3. Vendor capture is absorbing the savings
The hidden cost above the listed price in a typical CCaaS AI contract is 60%. That figure deserves a moment.
The deflationary curve is real – at the model layer. But the software layer above it is where margin is reconstructed. As infrastructure costs fall, platform vendors don’t pass the reduction through. They rebuild margin. The list price may stay flat or even fall slightly, while the underlying cost of delivery drops dramatically. The delta is captured by the vendor.
This is rational behavior from a vendor perspective. It’s also something buyers rarely scrutinize because the billing structure makes it nearly impossible to see.
What to do:
In any vendor conversation, push to separate the model cost from the platform cost. What are you paying for the underlying inference? What are you paying for the software layer on top? If a vendor won’t or can’t give you that breakdown, you’re operating blind – and they know it.
4. Falling prices, rising usage – net AI spend stays flat
Between 2024 and 2025, input token usage grew 3x and output token usage grew 4x across enterprise AI deployments. Token prices fell. Total spend didn’t.
This is the offset problem. The deflationary curve on unit cost is real, but volume growth absorbs it. As AI becomes more embedded in contact center operations – more touchpoints, more automation steps, more summarization and classification running in parallel – consumption grows faster than prices fall.
CX workloads don’t scale token usage as aggressively as coding workloads, but the directional trend is the same. A falling price on a growing volume is not a saving. It’s a smaller increase than you would otherwise have had.
What to do:
Track actual consumption over time, not just unit price. Build a baseline now if you don’t have one. When a vendor presents cost reduction figures, ask whether those figures account for projected usage growth – or whether they’re comparing unit costs in isolation.

The common thread
Each of these four problems is distinct. But they share a root cause: buying AI at a distance, through layers that obscure the economics and misalign the incentives.
That distance isn’t accidental. Platform vendors benefit from opacity. Bundled models, opaque billing, and consumption data that stays inside the platform are features of the business model, not oversights.

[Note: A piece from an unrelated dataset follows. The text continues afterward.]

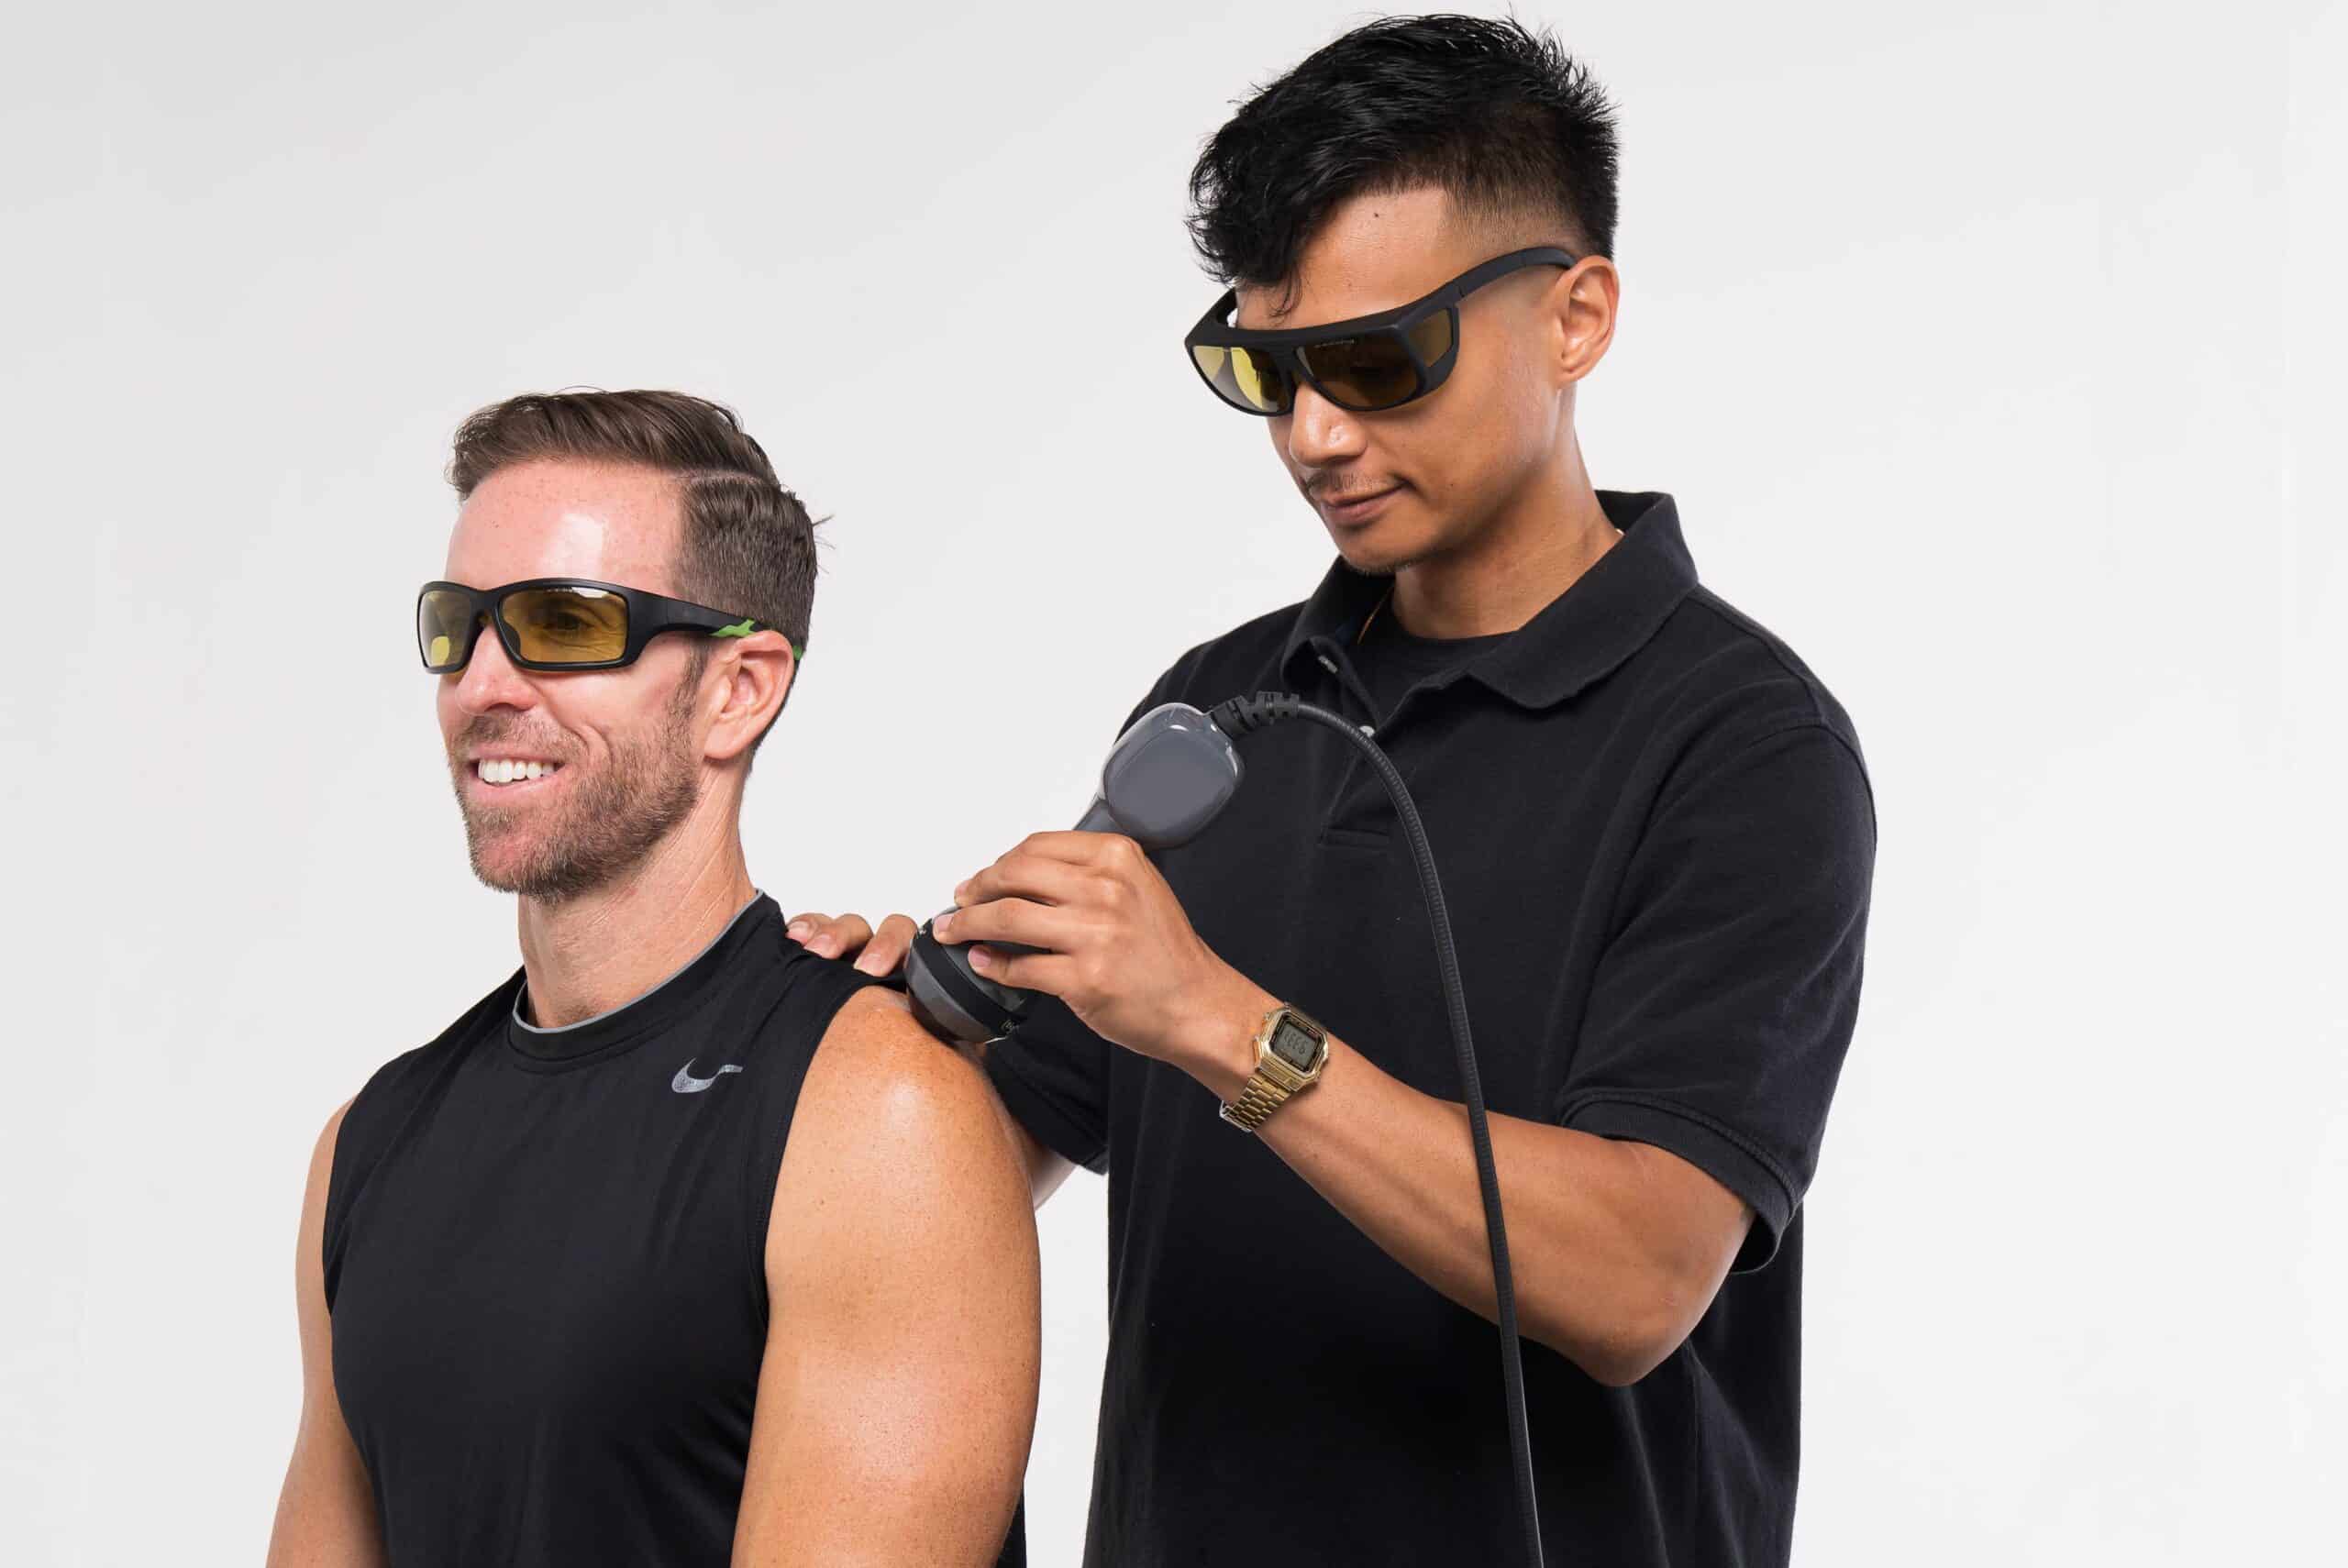 A man is getting his arm shaved by a man wearing sunglasses.

The contact centers that will manage AI costs effectively over the next three to five years won’t necessarily be the ones with the most negotiating leverage. They’ll be the ones with enough architectural visibility to see what’s actually running, and enough flexibility to make different choices as the market moves.
What that looks like in practice
A few principles that follow from the analysis:
Know which model is running on which task. This should be a standard procurement question, not an afterthought.

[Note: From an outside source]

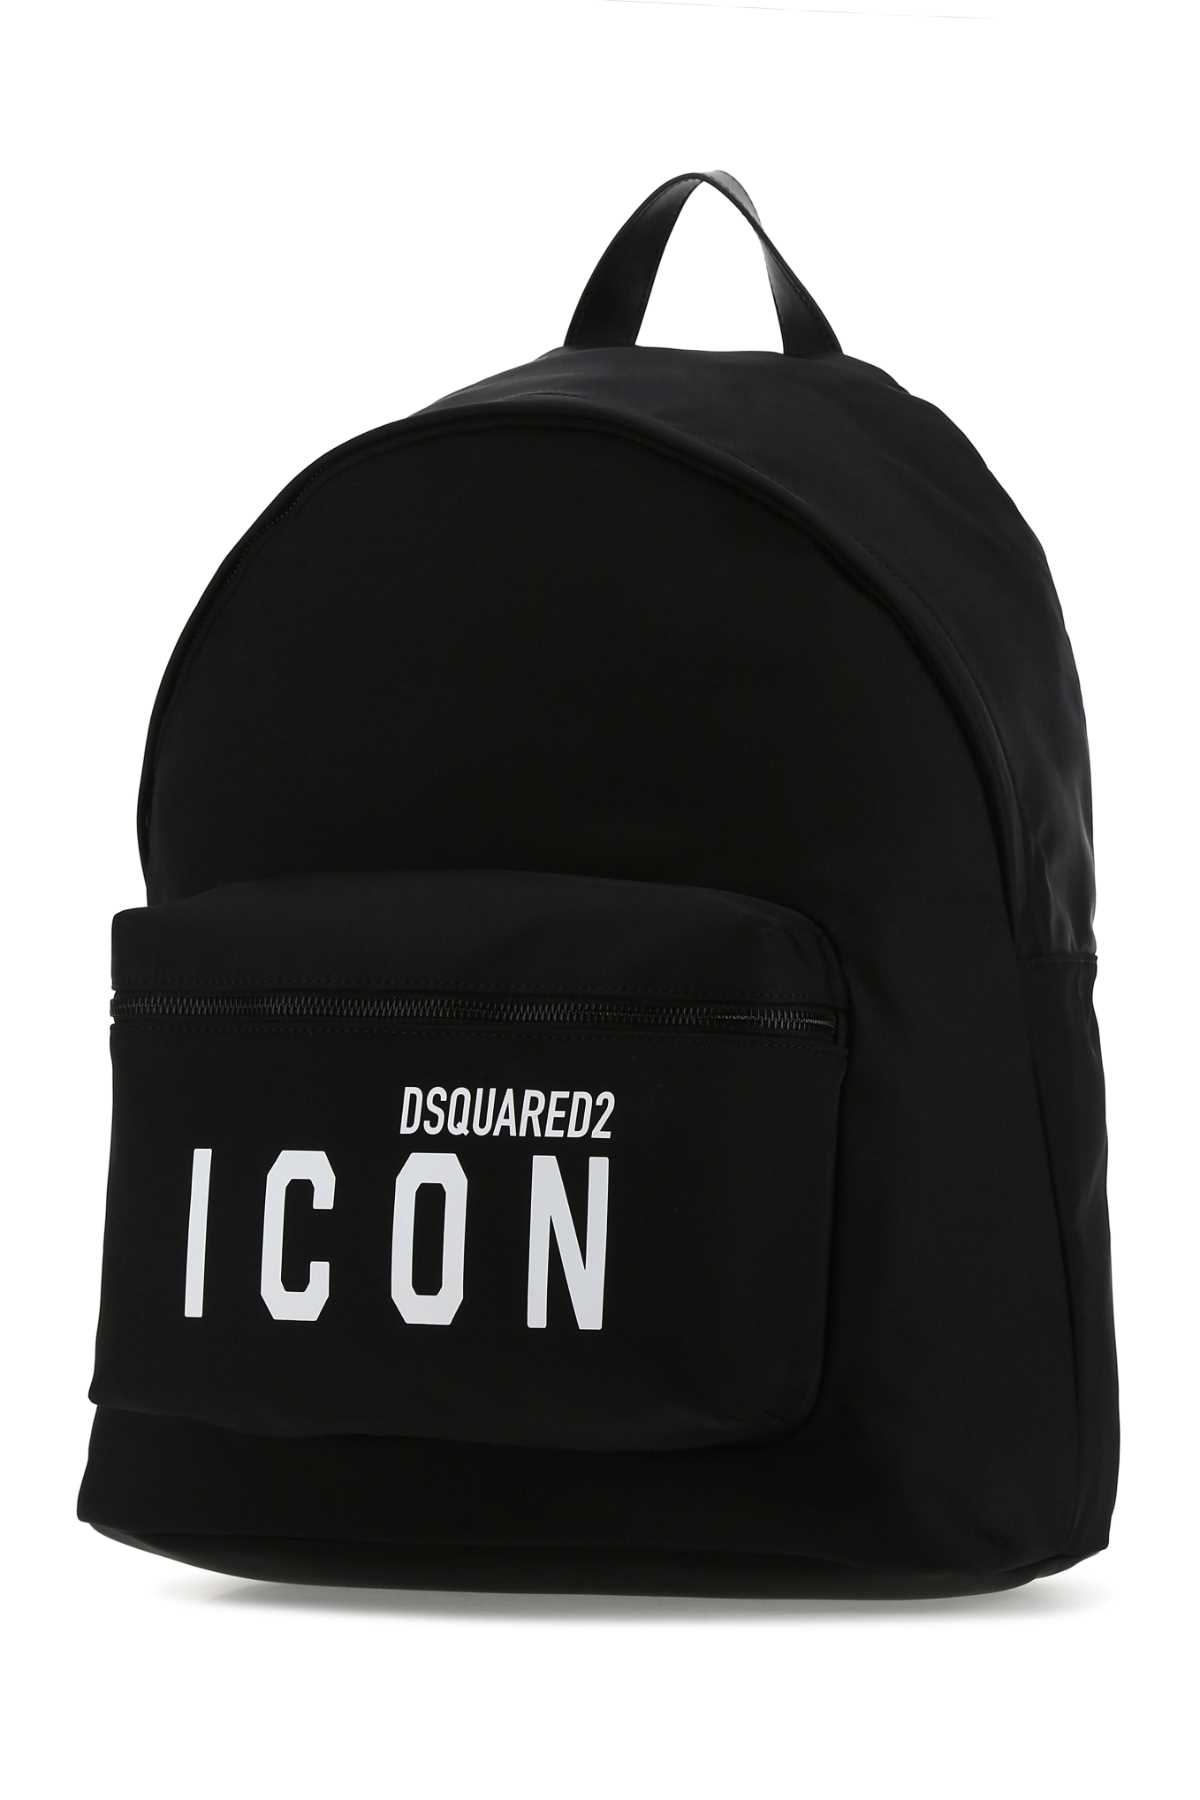 Dsquared2 Black Fabric Be Icon Backpack

Own your consumption data. If your current platform doesn’t give you access to token-level usage, that’s a gap worth addressing – either through contract negotiation or platform review.
Separate inference cost from platform cost. The two are bundled for vendor convenience, not yours. Understanding the split is the foundation of any serious cost conversation.

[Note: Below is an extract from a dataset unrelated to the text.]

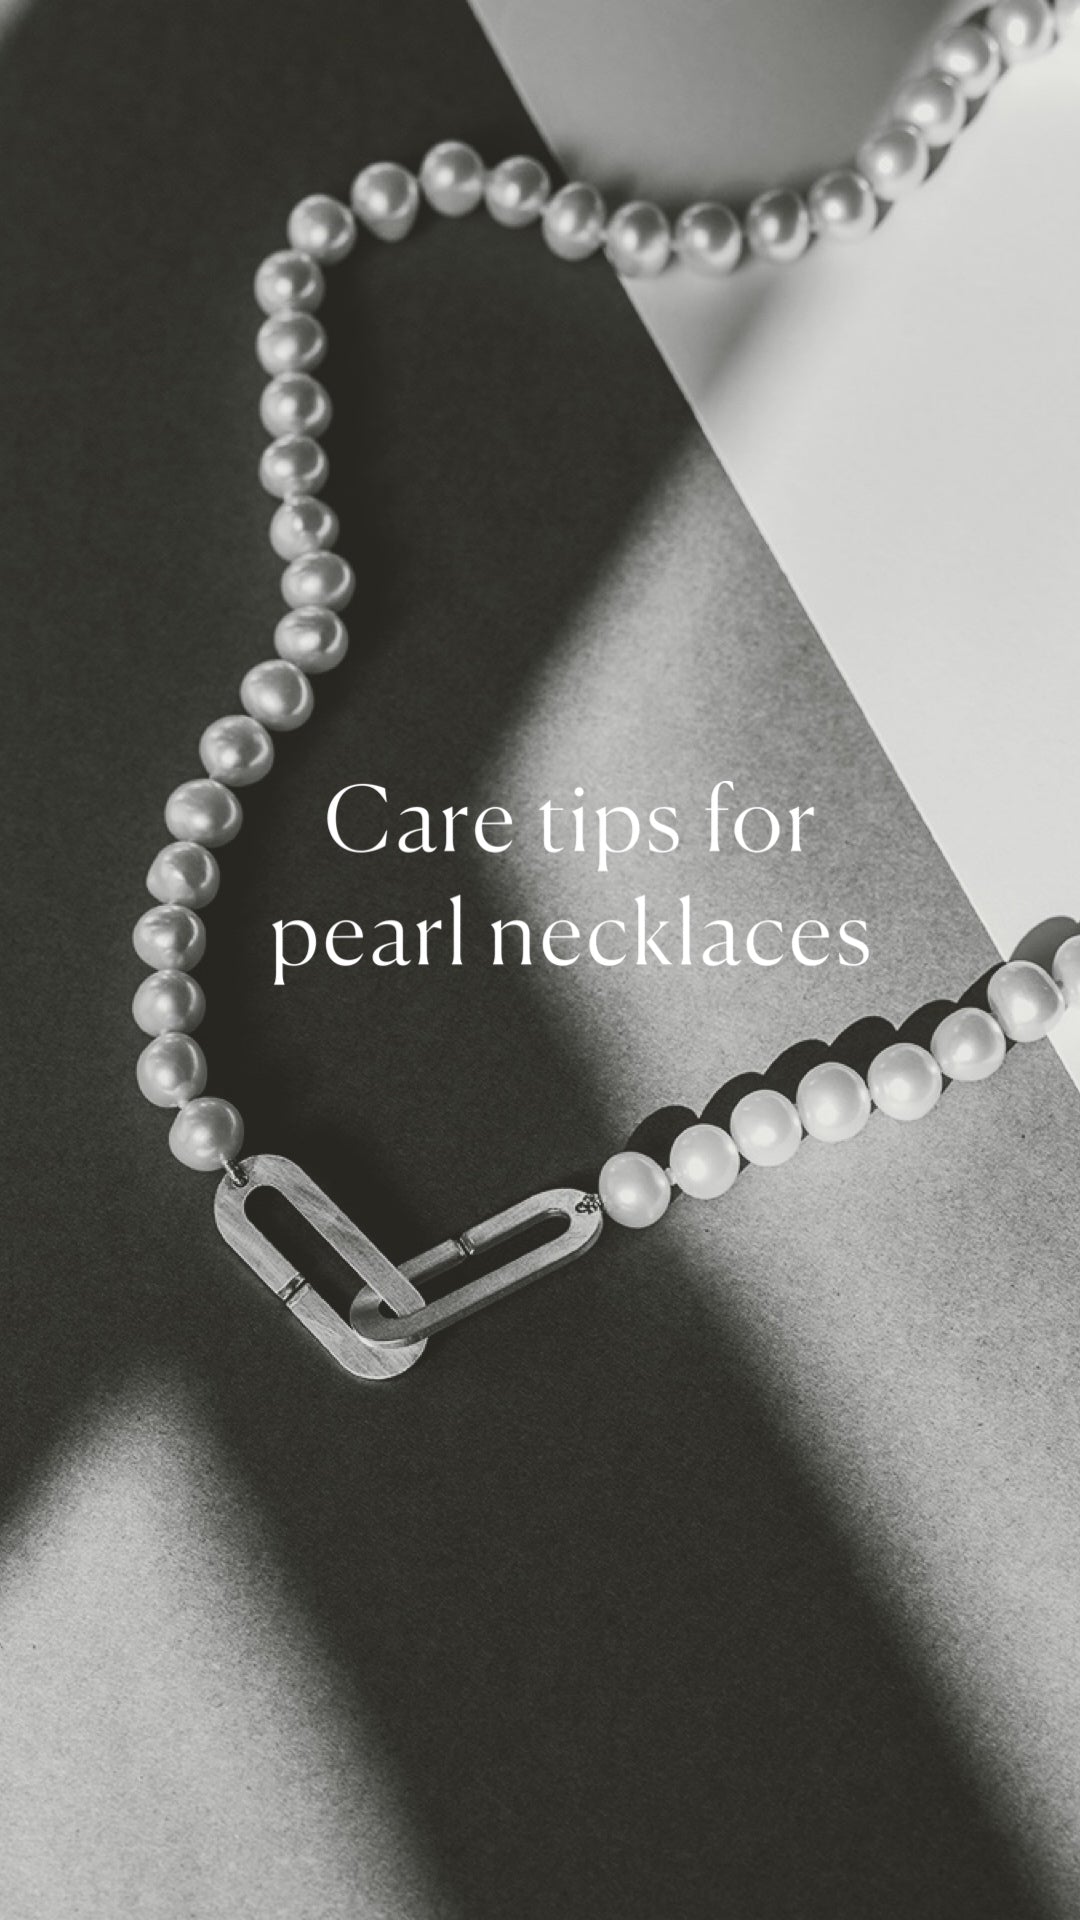 How to Care for your Pearl Necklaces

Build for optionality. The AI model market is moving faster than any enterprise procurement cycle. Architectures that lock you into a single model or vendor layer will cost more over time, not less – because you can’t respond to a cost curve you can’t access.
The savings are real
The 900x reduction in AI infrastructure cost since 2022 is not vendor spin. The halving cycle is documented. The deflationary pressure on model pricing is structural and ongoing.
The savings exist. They’re just not reaching you yet – because the way most enterprise AI is bought ensures they don’t have to.
That’s a solvable problem. But solving it starts with understanding where the distance is, and what it’s costing you.